Guru Besar UGM: PBB Harus Tegas Selesaikan Masalah di Palestina

Palestina berhak menentukan nasibnya sendiri

Intinya Sih...

  • Palestina berhak menentukan nasibnya sendiri dan tinggal di tanah airnya.
  • Konflik Palestina-Israel melanggar norma jus cogens dan pendudukan bersifat temporal.
  • Perselisihan antara Palestina dan Israel tidak disebabkan oleh pertikaian agama, solusi pembagian wilayah di Palestina hampir mustahil.

Sleman, IDN Times - Konflik Palestina-Israel belum juga menemui titik terang hingga saat ini. Guru Besar Bidang Hukum Internasional, Fakultas Hukum Universitas Gadjah Mada (UGM), Prof. Sigit Riyanto, menilai Palestina sebagai negara berhak menentukan nasibnya sendiri dan tinggal di tanah airnya, selain itu PBB juga perlu bertindak tegas.

Prof. Sigit melanjutkan apalagi sudah ada pelanggaran terhadap norma jus cogens berupa genosida, pengusiran, pembantaian, baik sebelum atau sesudah Israel berdiri. Menurutnya, pendudukan sebelum abad 20 bisa jadi menjadi cara untuk memperoleh suatu wilayah, dan itu legally justified. Namun saat itu hukum internasional eurosentris, setelah berdiri PBB maka proses dekolonisasi terjadi.

“Maka yang namanya pendudukan tidak lagi menjadi cara yang diperbolehkan untuk menambah wilayah. Jadi pendudukan itu bersifat temporal, suatu saat harus dikembalikan,” ucap Sigit, Senin (18/3/2024).

1. PBB harus bertindak tegas

Guru Besar UGM: PBB Harus Tegas Selesaikan Masalah di PalestinaKantor PBB (twitter.com/@UNHumanRights)

Perkara di mahkamah internasional dalam memperjuangkan tanah Palestina menurut Sigit belum akan menemui titik terang jika PBB sebagai pemegang hak sengketa antarnegara belum bertindak tegas. 

"Apalagi dengan penolakan upaya gencatan senjata, akan terus ada korban jiwa yang berjatuhan di tanah Palestina sendiri. Bantuan dari negara-negara lain, termasuk dari Indonesia akan sulit dilakukan," jelas Prof.
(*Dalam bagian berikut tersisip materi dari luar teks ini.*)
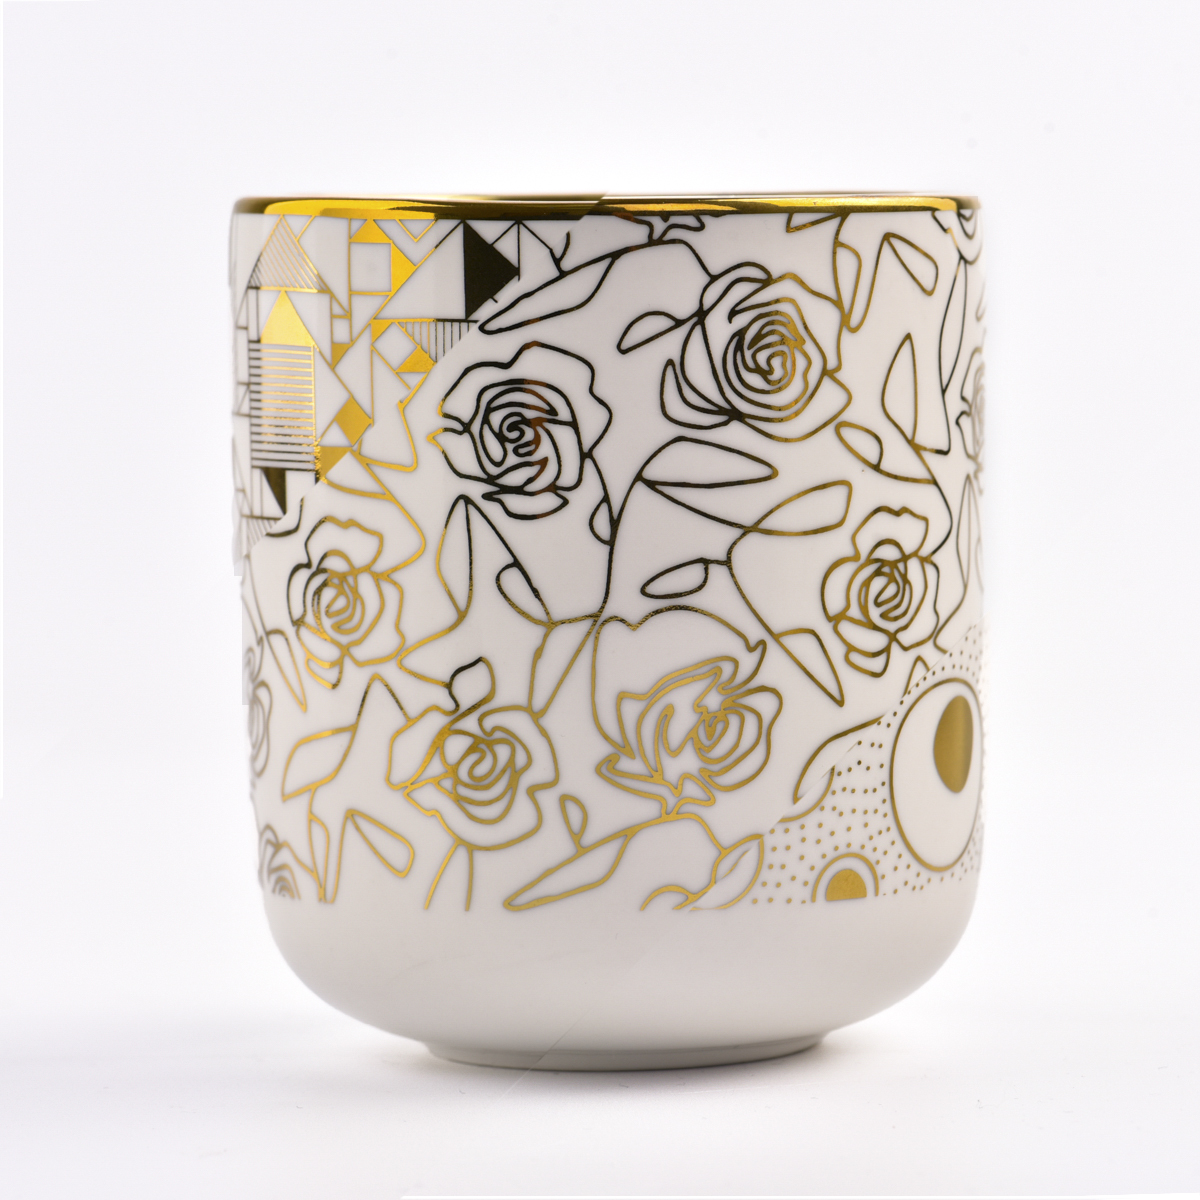 gylne keramiske stearinlysglass med rose på utsiden

Sigit.

2. Perselisihan antara Palestina dan Israel

Guru Besar UGM: PBB Harus Tegas Selesaikan Masalah di PalestinaBendera Palestina. (Unsplash.com/Ahmed Abu Hameeda)

Sementara Dosen Hubungan Internasional UII, Hasbi Aswar, mengatakan perselisihan antara Palestina dan Israel ini tidak disebabkan oleh pertikaian antaragama, yakni muslim dan yahudi. Sebab, Yahudi sejak lama menempati wilayah Gaza, namun ketika paham zionis masuk, dan pemerintah Inggris menjalin kepentingan dengan zionis, barulah perebutan wilayah terjadi.
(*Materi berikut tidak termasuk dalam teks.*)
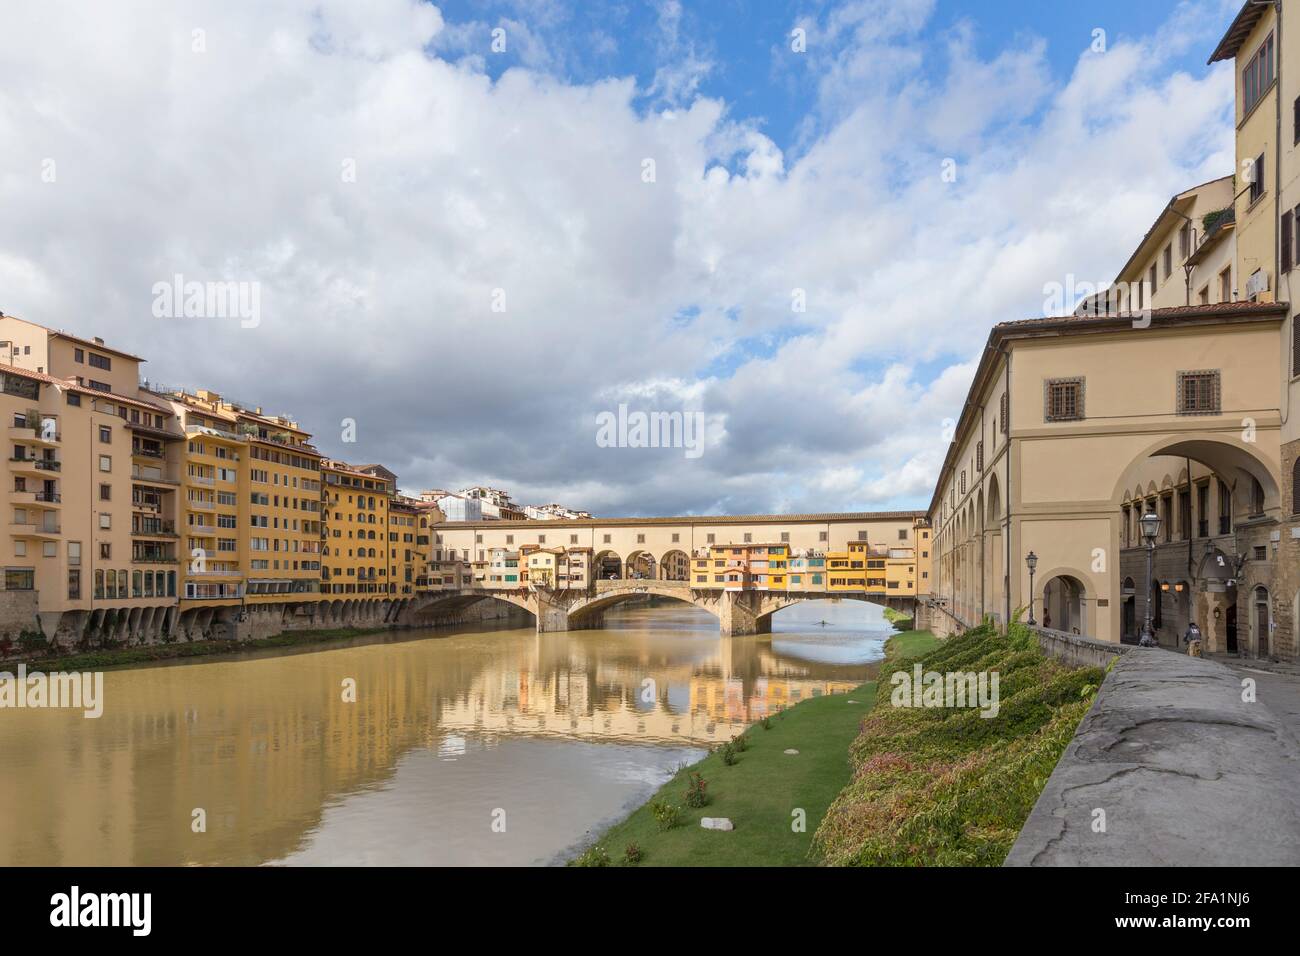 Ponte vecchio, Florence, Italy Stock Photo

"Hari ini yang kita lihat, mayoritas wilayah Palestina itu dikuasai oleh Israel. Sekarang itu cita-cita dua negara sudah menjadi ‘mitos’, karena yang terjadi di Palestina sekarang bukan two-state, melainkan one-state reality. Walaupun ada Hamas dan Fatah yang berkuasa di tepi barat, tapi yang mengontrol darat, laut, udara Palestina ini adalah Israel," terang Hasbi.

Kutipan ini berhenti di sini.